These Almond Spritz Cookies are adorable with their festive holiday sprinkles. They are fun, shareable, and will be a great addition to your holiday cookie list. They will also make wonderful edible gifts to coworkers and neighbors this holiday season.
Cream softened butter with sugar in a mixing bowl using the whisk attachment until light and fluffy. Add egg yolk and almond extract and beat until combined.
Sift flour into a small bowl and mix in the salt to distribute evenly. With the mixer on the lowest speed, slowly add the flour mixture to the stand mixer bowl and mix until thoroughly combined.

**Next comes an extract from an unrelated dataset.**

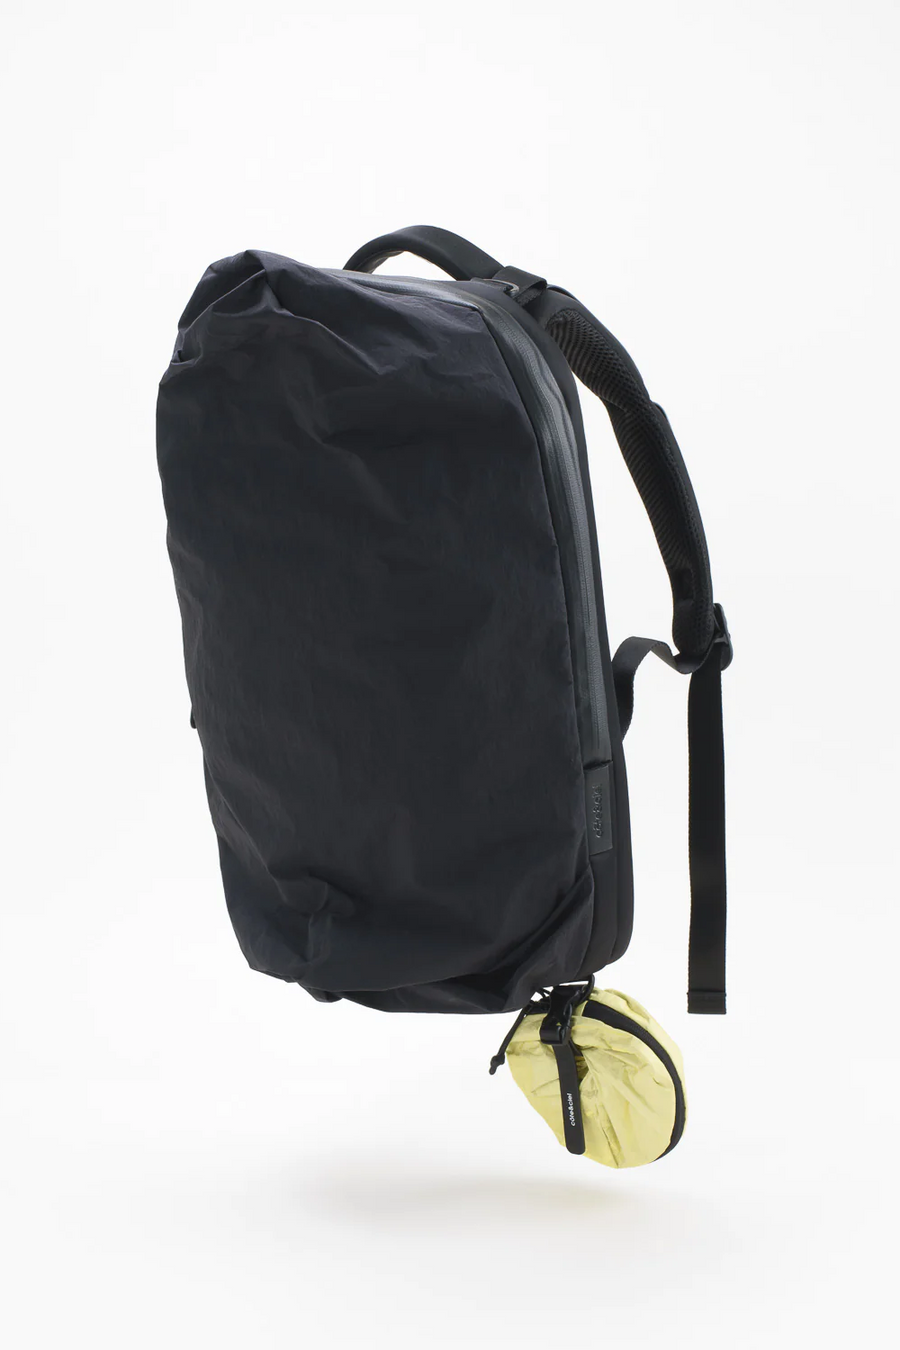 Buy the Cote & Ciel Ladon Komatsu Onibegie Nylon Backpack in Black at Intro. Spend £50 for free UK delivery. Official stockists. We ship worldwide.
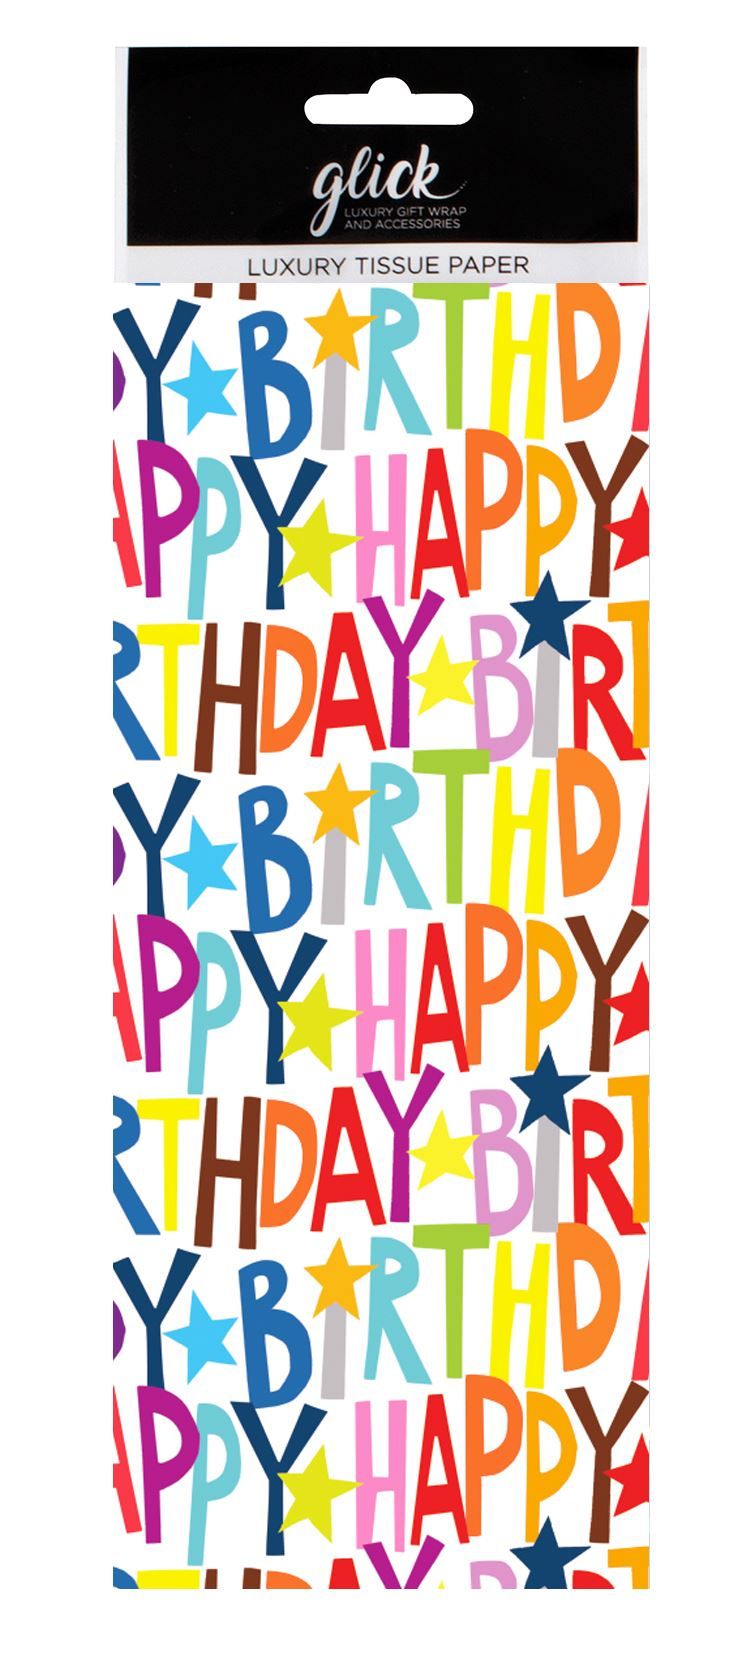 Happy Birthday Luxury Tissue Paper - Pack Of 4 LARGE Sheets - Luxury TISSUE

The dough should be soft and easy to handle.
Fill the cookie press with the cookie dough and line two baking sheets with silicone baking mats or parchment paper. Hold the cookie press perpendicular to the prepared baking sheet and press out the cookies, spacing about 1 - 2 inches apart.
Add sprinkles, color sugars or any decorative touches desired to your cookies. Chill in the fridge or freezer while the oven preheats. Preheat the oven to 375°F.
Bake for 8 – 10 minutes. Remove from the oven, let cookies cool on the baking sheet for 5 - 10 minutes before transferring to a wire rack to completely cool.
Notes
If you don’t have a stand mixer, a regular mixing bowl and an electric hand mixer will work just as well. Or you can cream the butter by hand with a whisk and just use a spatula to incorporate the dry ingredients.
I recommend silicone baking mats for this recipe but parchment paper will also work if you don’t own any silicone baking mat. Just make sure to hold down the paper when lifting up the cookie press when using parchment paper because you may experience the parchment paper lifting up with the dough.
This recipe can make up to 3 dozen cookies depending on how much dough is pressed out per cookie. I used 2 clicks of the cookie press here for larger cookies and the recipe yields 22 cookies.
You can easily double or triple this recipe to make a lot more when preparing for the holidays.